Optimizing Wireless Links for Energy Efficiency through Sleep Modes
Anders Enqvist
Abstract: To mitigate the rising power consumption of base stations, we examine the energy efficiency of wireless links utilizing advanced sleep modes. We explore rush-to-sleep strategies, where the base station dynamically scales its hardware power consumption by transmitting at certain rates to exploit idle periods for sleeping. We provide algorithms for the joint optimization of transmit power, bandwidth, and the number of antennas across deep, and micro sleep modes. We also introduce a scheduling framework that dynamically manages a buffer of mixed packet sizes and stochastic packet arrivals with varying deadlines and we analyze when a base station should transition to a sleep mode in order to minimize the power consumption.
Sustainable Semi-Decentralized Federated Learning with Stragglers
Chengxi Li
Abstract: For federated learning (FL) systems with devices that have intermittent connectivity to the central server, often referred to as stragglers, semi-decentralized FL has emerged as a promising solution.

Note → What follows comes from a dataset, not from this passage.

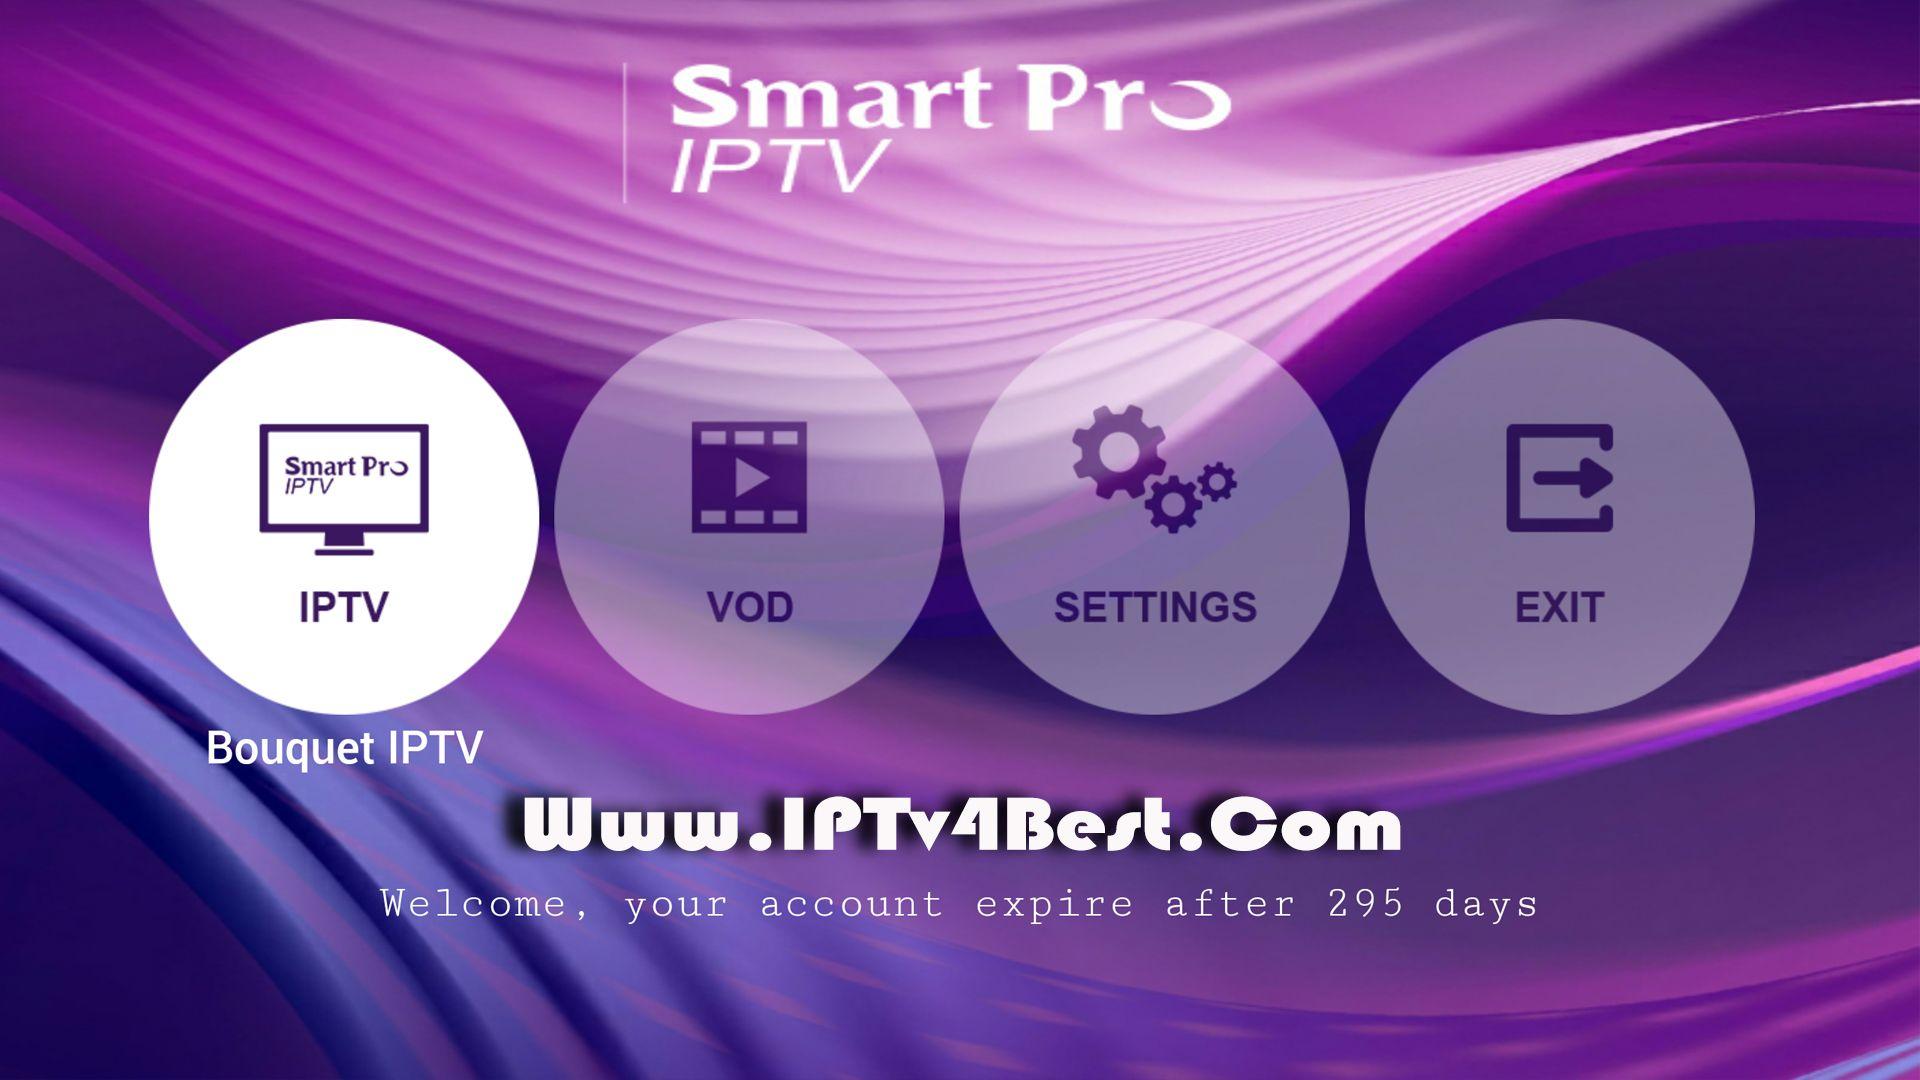 Smartpro Tv Apk Activation Code 1 Year Free In 2021 Tv Coding Smart Tv
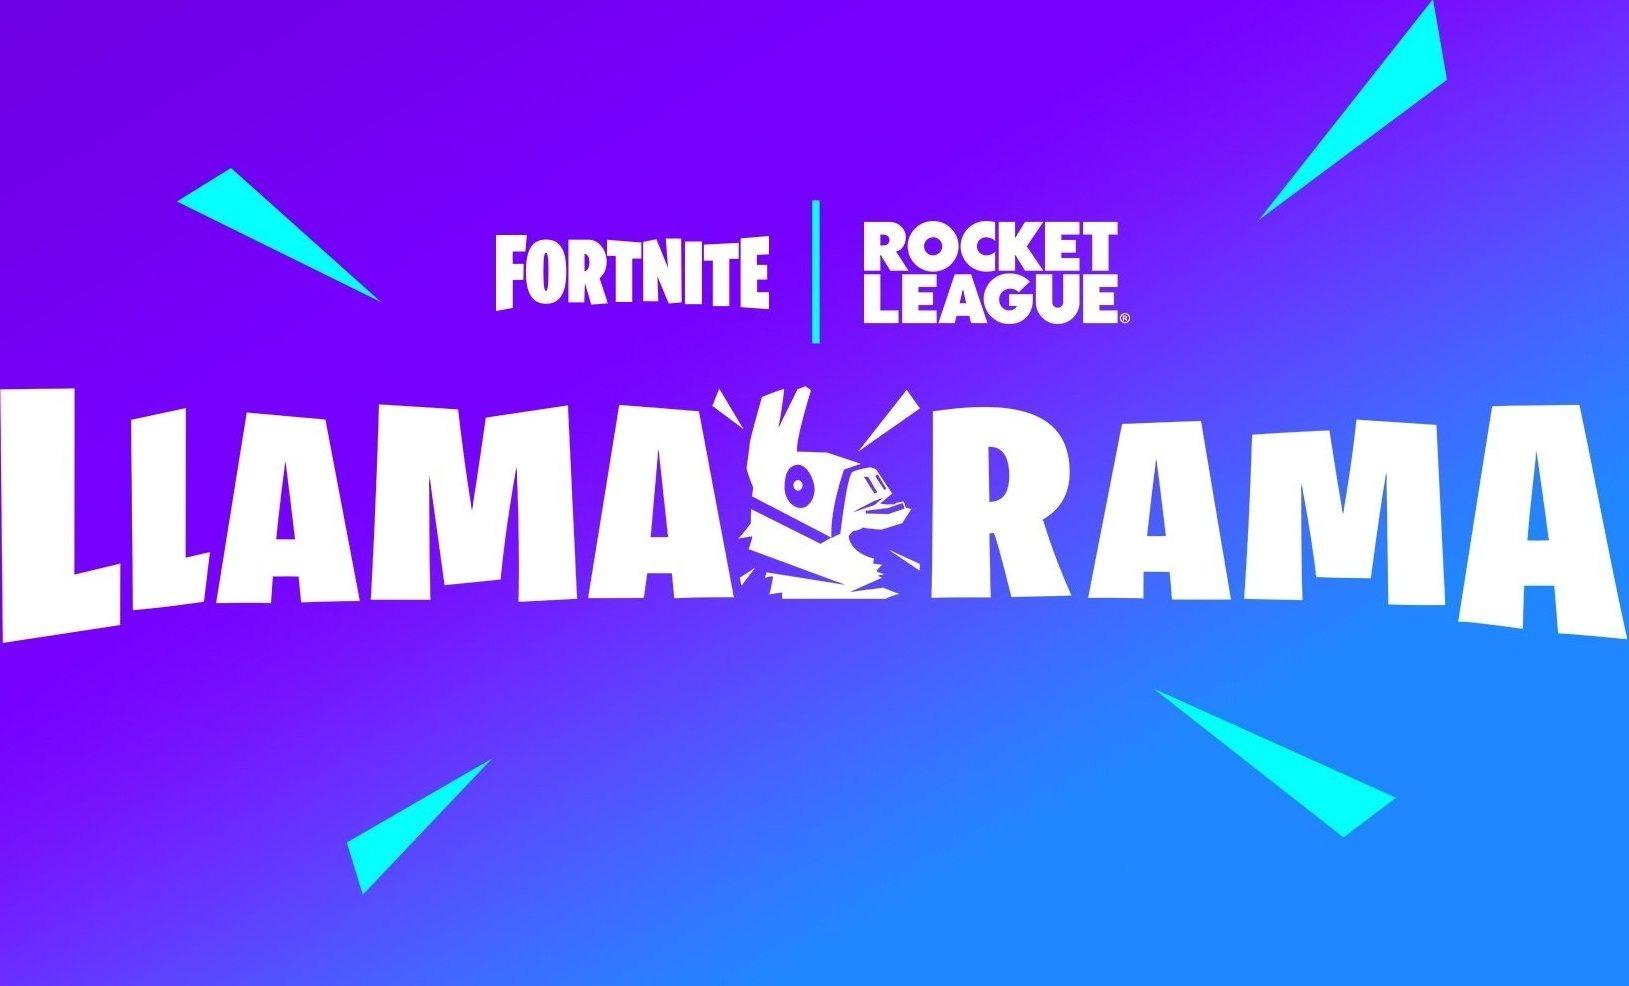 Fortnite: Llama Rama Rocket League Event - Kaskada Concert, Rewards, Start Date

In this paradigm, non-straggler devices can relay gradients computed by stragglers to the server, enabling the use of gradient coding (GC) to mitigate the negative impact of devices that fail to communicate directly with the server. However, applying GC in semi-decentralized FL introduces substantial communication overhead due to frequent information exchange among devices, making the approach less sustainable and more energy-intensive.
To address this challenge, this talk introduces COFFEE, a new communication-efficient semi-decentralized FL method. In COFFEE, devices exchange information by performing a limited number of steps toward communication-optimal exact consensus before transmitting to the server. This allows each device to obtain the average of its own gradient and those of its previous neighbours at minimal communication cost. As a result, COFFEE achieves the same learning performance as existing methods while significantly reducing communication overhead, thereby improving the sustainability of FL in practical scenarios.